Johnny wiggles his limbs and tries to lift his head. I put down my fork and turn him only his tummy. Now he tries to paddle away.

‘Why aren’t you eating?’ mother asks me again.

I’m thinking, and this was the soup course.

‘I am eating.’ I hold up my roll to show her. I haven’t touched my soup. I never liked shrimp much anyway. Johnny begins to laugh, as if mommy was the funniest thing he ever saw.

‘You get your strength up,’ mother tells me. ‘Don’t come to me if – ’

‘Yes, I’m done,’ I tell the maid. And she takes my plate away. The next course is roasted loin of pork with creamed potatoes. Grandfather beams brightly and asks mother, who is serving, ‘Just some potatoes, please.

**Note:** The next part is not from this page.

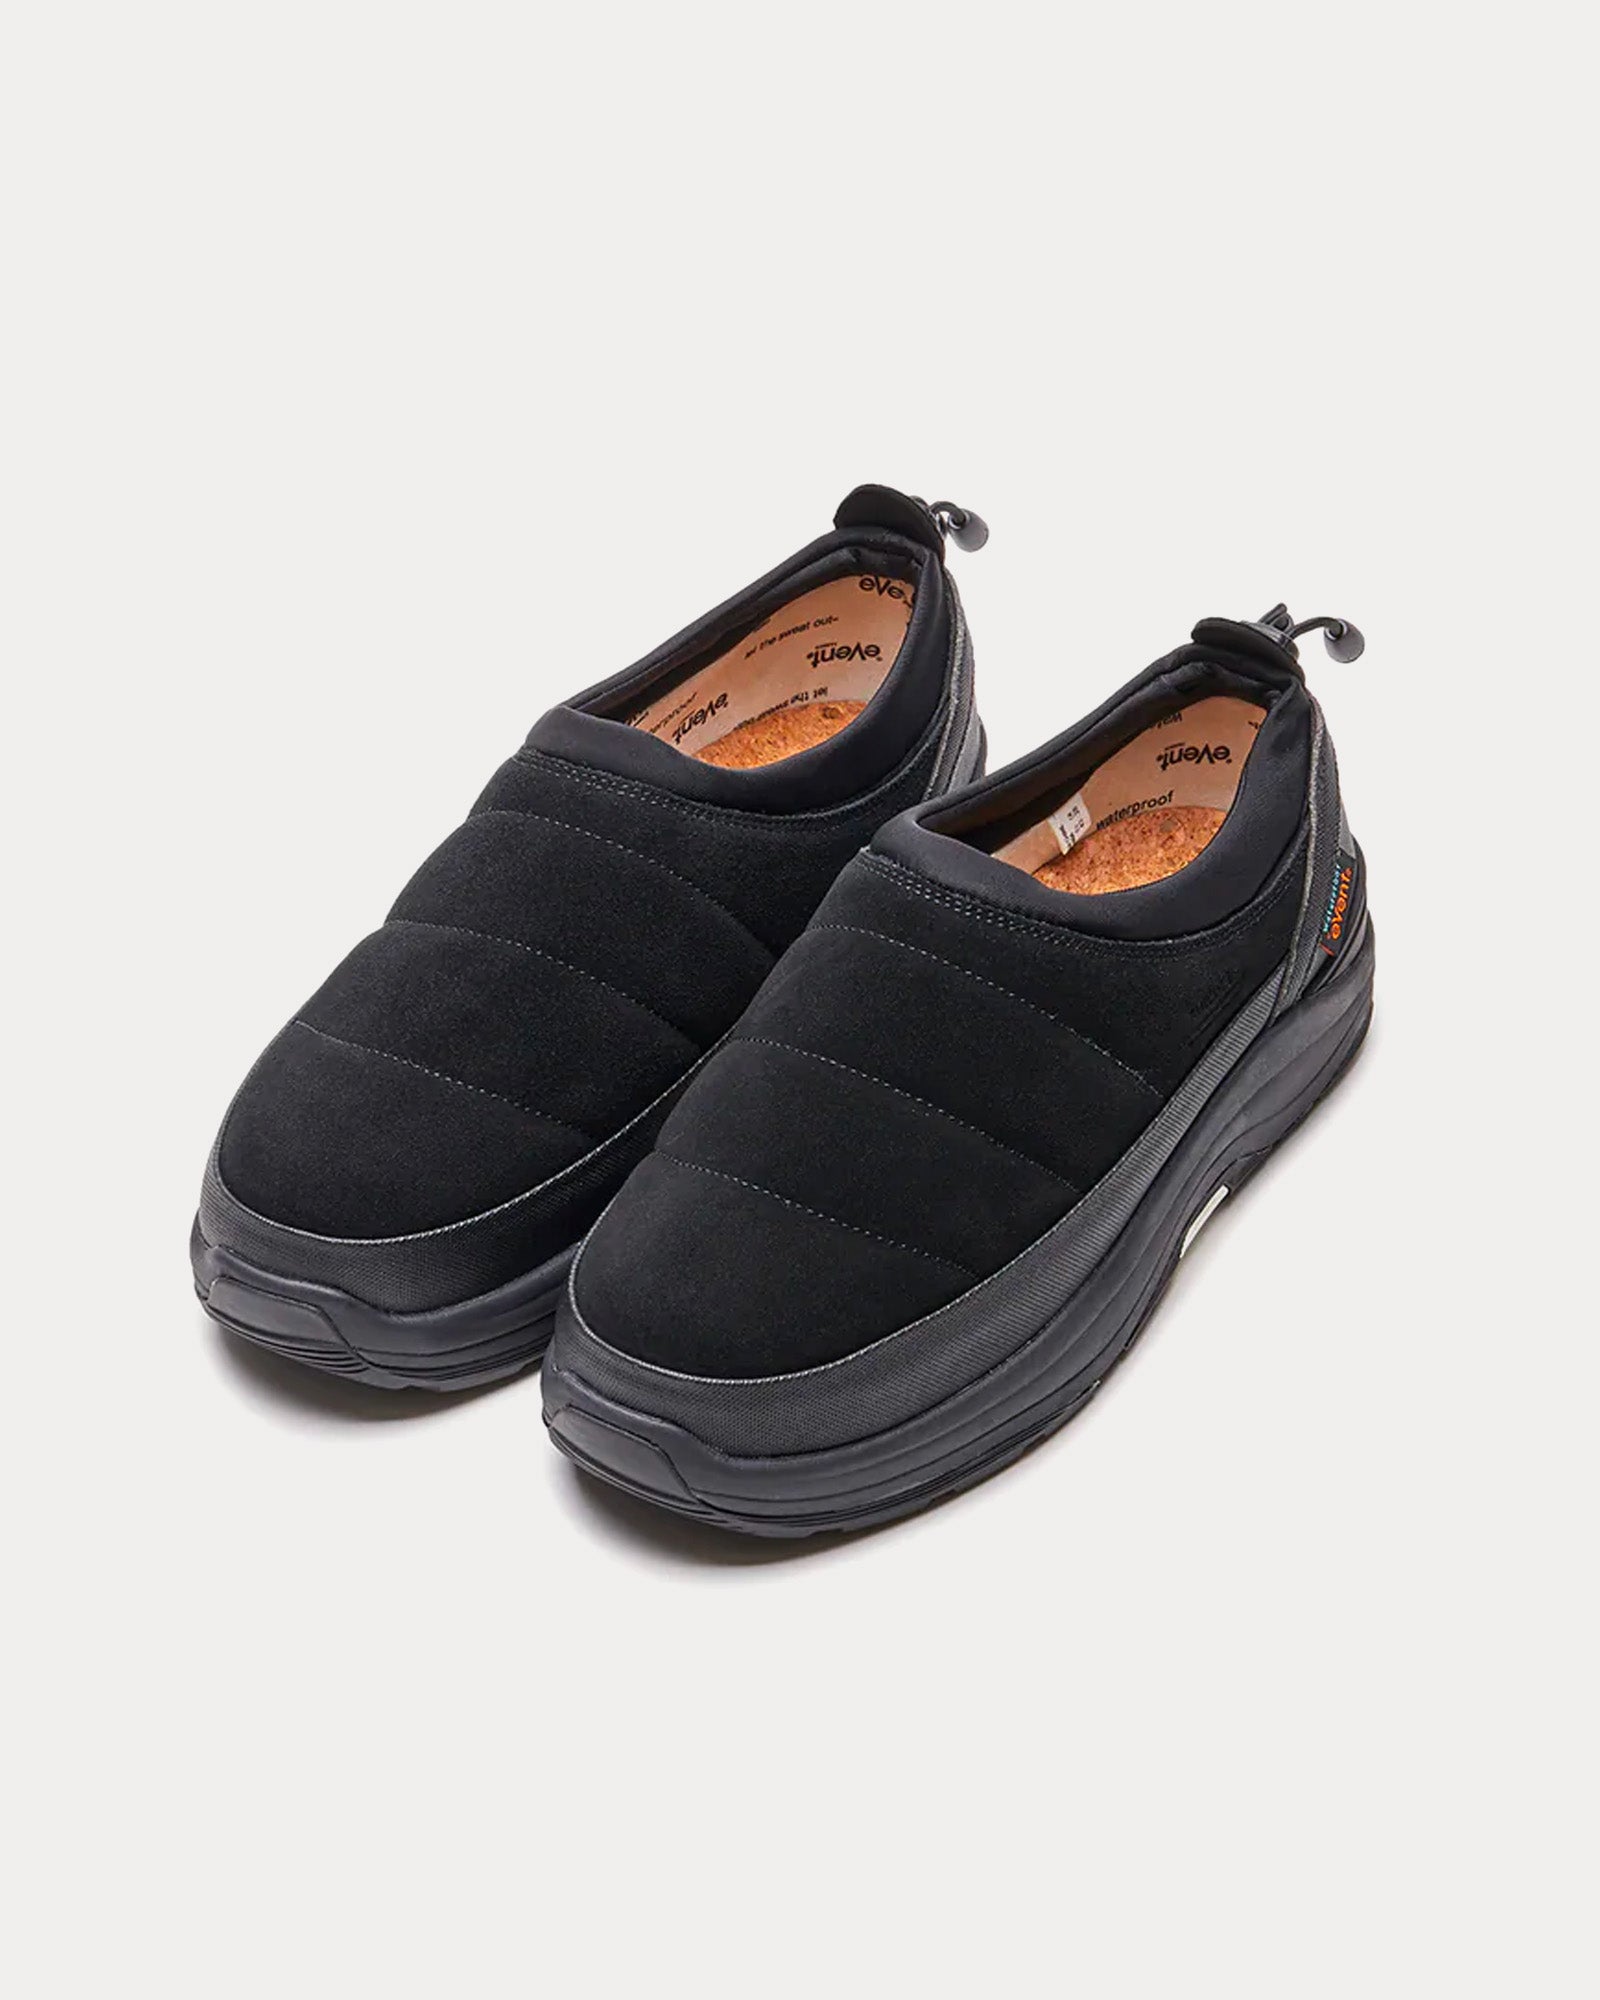 Suicoke - PEPPER-mod-sev Suede Black Slip On Sneakers

They’re so delicious here.’

‘Same for me, mommy.’

‘I think I’m beginning to develop a headache,’ my father says.

‘Then take all your pills,’ mommy hisses.

Paul: ‘So how’s the cabbage business, grandfather?’ He stares at Emil, daring him to crack a joke about it.

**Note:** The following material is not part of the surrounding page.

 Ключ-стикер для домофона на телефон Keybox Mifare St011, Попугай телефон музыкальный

‘They get larger every year, with the new crop-growing techniques. They tasted better, I think, better when most of them were all this size.’ And he holds two fists together.

‘Don’t forget to retire someday,’ Emil tells him. ‘No man can want to lift cabbages forever.’

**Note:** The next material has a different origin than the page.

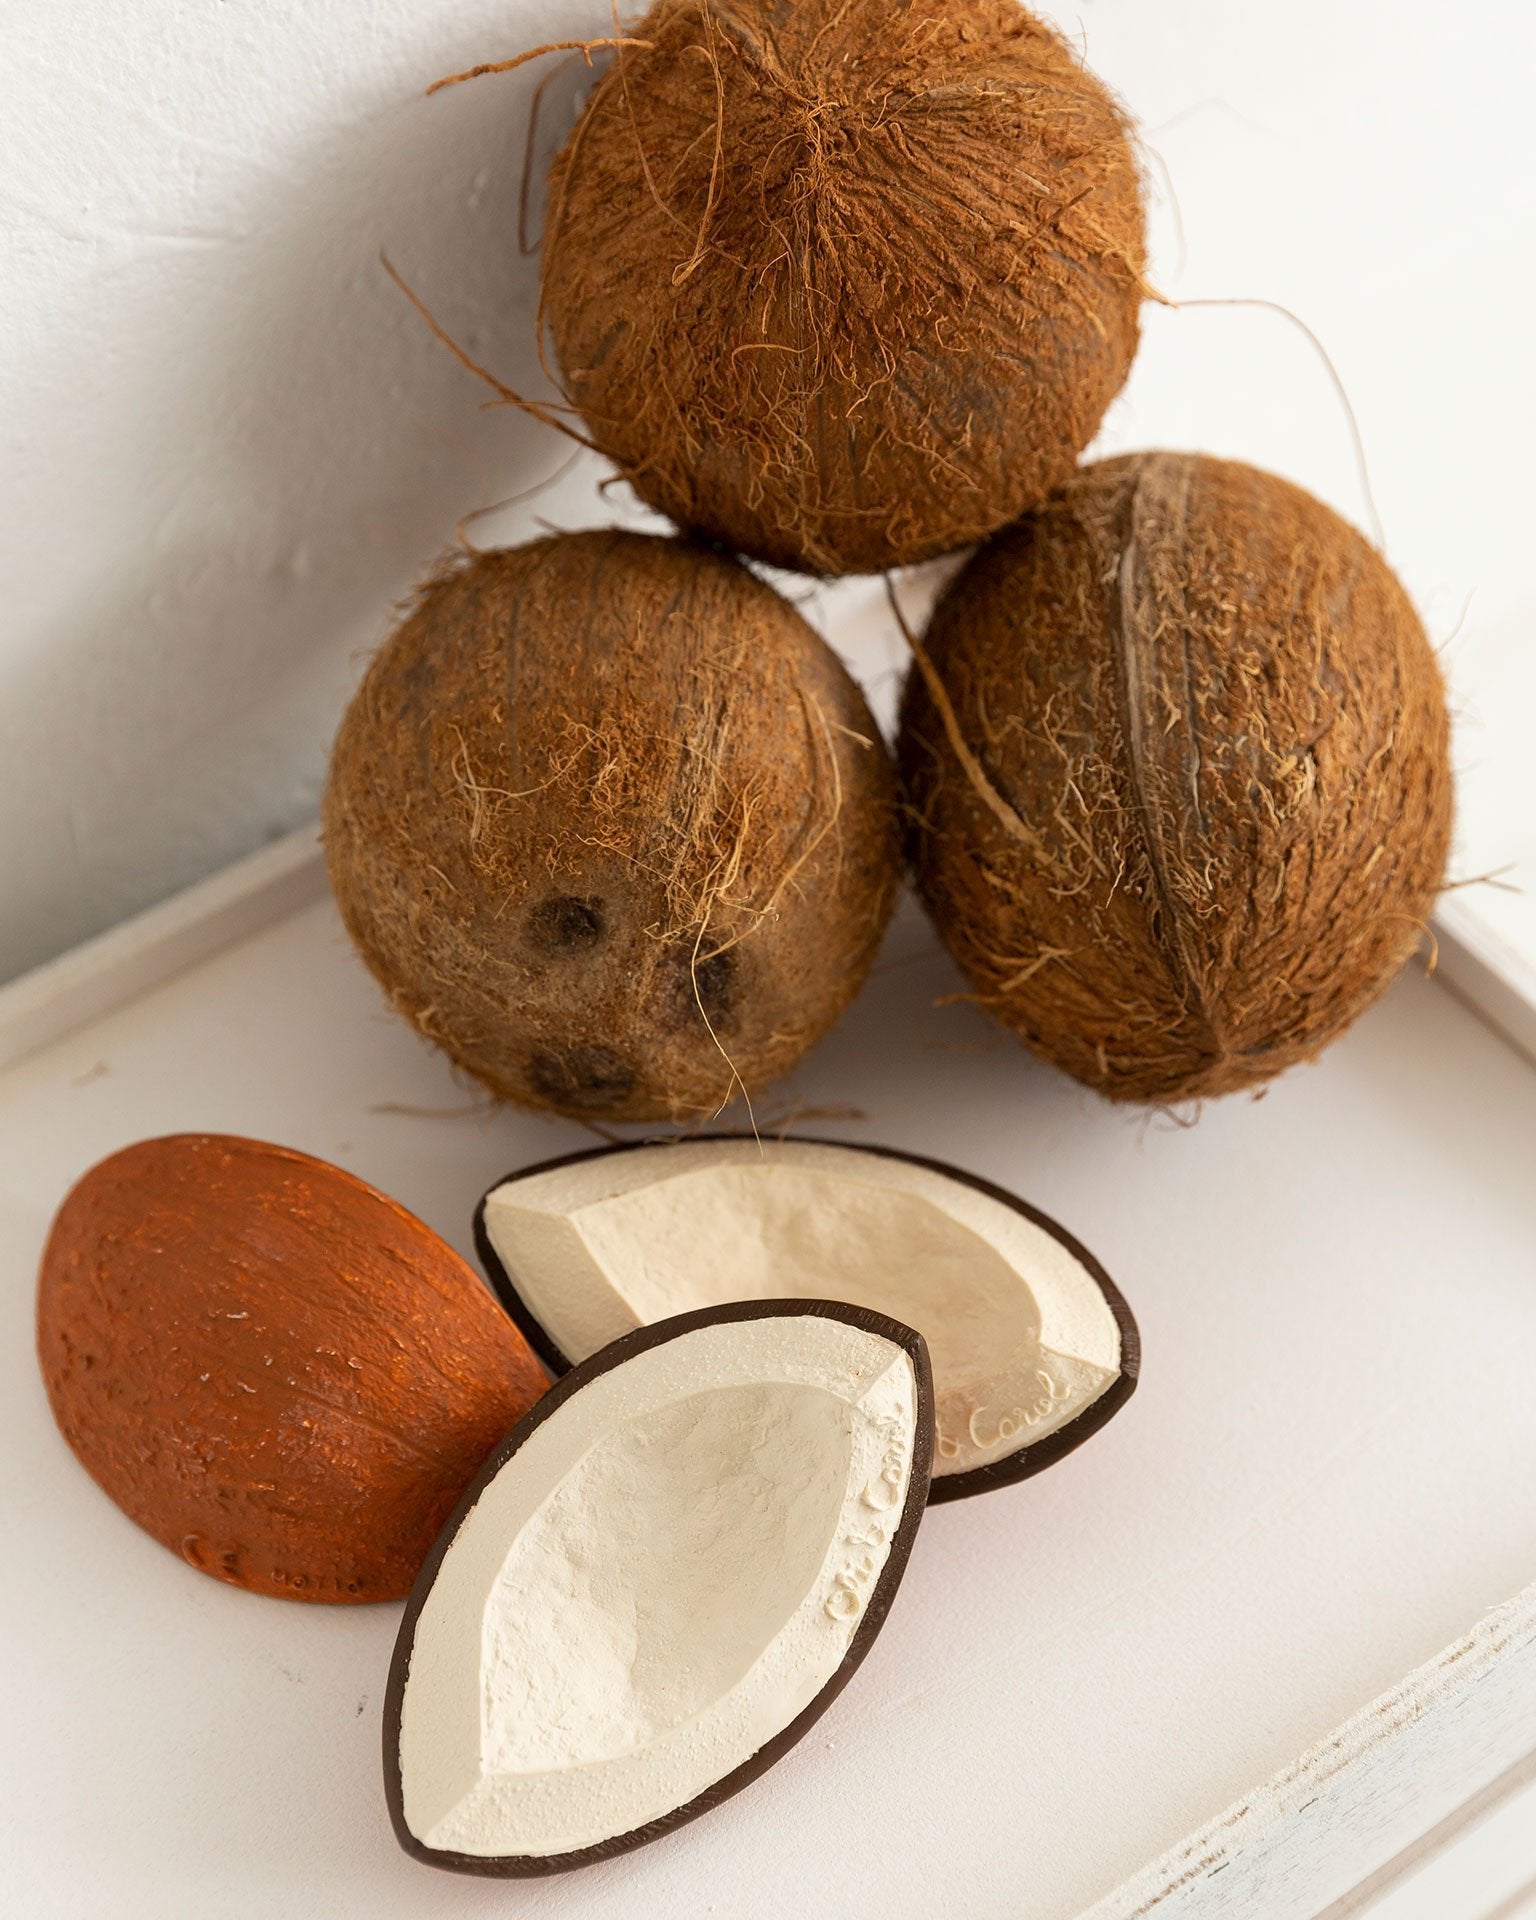 coco the coconut

‘Yes, I’ll have lots of potatoes, please, Mrs Aaronson,’ Paul says.

‘It looks like you’re eating for two tonight,’ mother says. ‘What’s getting into Emma, Paul?’ As if I’m not there.

‘Ask Emma.’

‘The pork’s too dry for me, mother. I’ll just have some potatoes.’

‘I like them that way too,’ Paul says. ‘Nice and creamy. In fact, I think Emma’s receipt is better.’

I look around the table: Mother has changed into a chinoiserie house dress. Paul is wearing a bulky dark-brown sweater and canvas trousers. Emil is wearing a brown wool suit-jacket, ivory shirt, and yellow tie. Father is wearing a brown wool suit-jacket, ivory shirt, and hunter-green tie. Grandfather is wearing a black frock coat with a boiled shirt and narrow black tie, and his yarmulke (again). Johnny is wearing a powder-blue blanket and a red-embroidered little nightshirt. His breath smells like milk when I look down.

‘Thank you ever so much for the dress,’ I tell mother.

‘That’s better, then,’ mother says. But we’ve crossed a line and she’s backed up instinctively, watching us while she serves. Johnny begins to gasp, inflating his lungs for a scream, and then sinks into my arms.

‘Will you take him to the kitchen,’ mother gasps, ‘if he has to do that while we’re eating? There, he’s done it.’

I don’t mind the smell, because it’s Johnny’s smell, and I’m more used to it than anyone. I stare at the pork roast and think, no one’s going to be eating that for a minute.

‘Disgusting,’ she says. ‘Can’t you take him somewhere else for that?’

‘How do you know it’s him, mommy?’

I raise my bum from the chair and give a push, and watch mommy’s face begin to curdle. ‘Another present from us both,’ I tell her.

I rise a little more and press down from inside. Emil coughs, grandfather looks sad, father begins to notice.

‘Two of life’s pleasures,’ Paul says, fussing with his flies for a minute. We all listen to his stream strike the bottom of the tabletop and form a pool on the parquet. Mommy suddenly remembers to lift her feet.

‘Macintosh,’ Emil gasps.

‘Mother, you don’t get to tell Johnny when to shit,’ I say.

Grandfather whispers towards Paul: ‘Shall we say goodbye?’

‘In a minute,’ Paul says.

We can hear his stream feeding its own pool.

He helps me to my feet. A few moments later, grandfather has been waiting for us on the staircase. We wait for him to show us how to think about this.